In slightly under 200 pages of workman-like prose, Mr. London convincingly argues that our policy disputes about the macroeconomy overlook the real source of our current prosperity. This is an important accomplishment. Though it is always more fun to argue about taxes than trucking regulation, such a preoccupation with macroeconomics lessens the vital drive toward freer trade and more competitive industry.


Alas, Mr. London has the weakness of many policy writers: He attributes all economic good to his One Big Idea. This leads to some suspect pronouncements.
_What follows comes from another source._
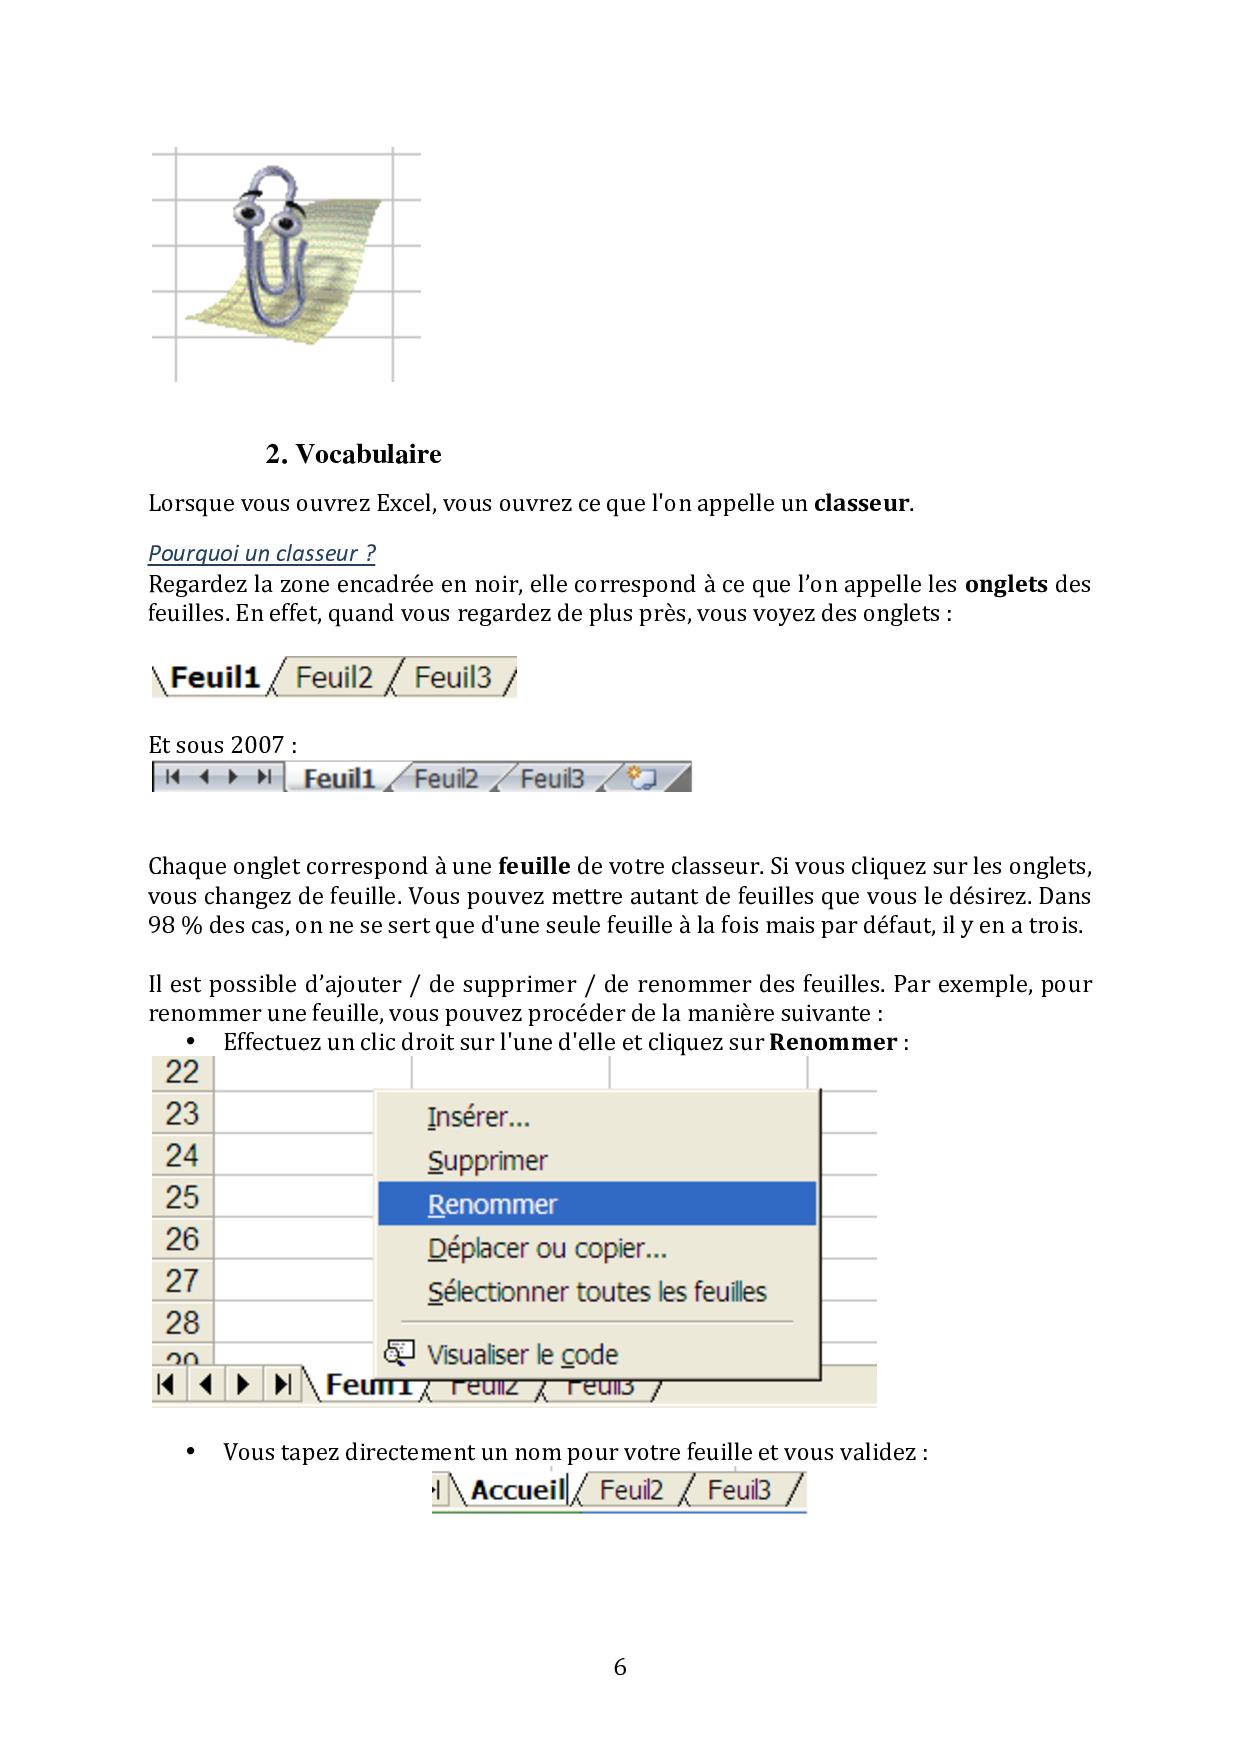 cours d informatique excel 2007 pdf

While he rightly demolishes ideological policy claims about things like tax policy, he dismisses sound theoretical innovations such as the renewed emphasis on controlling inflation, which started under Carter. Macroeconomic policy may have limited power, but it’s lunatic to think that double-digit inflation could have been good for growth.


Moreover, Mr. London seems to be a sucker for anything that claims to increase competition, calling for aggressive anti-trust policies even though their competitive outcomes are uncertain: Are the Microsoft prosecutions making Microsoft compete more,or helping Sun Microsystems and American Online compete less?


Still, if you are going to pick a cure-all, Mr. London’s is a good choice. Out-of-control tax rates or inflation can certainly drag down an economy. But unless individuals and firms constantly strive to produce more, better, and faster, the economy will not grow – no matter how many levers the technocrats pull.



Ms. McArdle last wrote for these pages on the economic crisis in Argentina.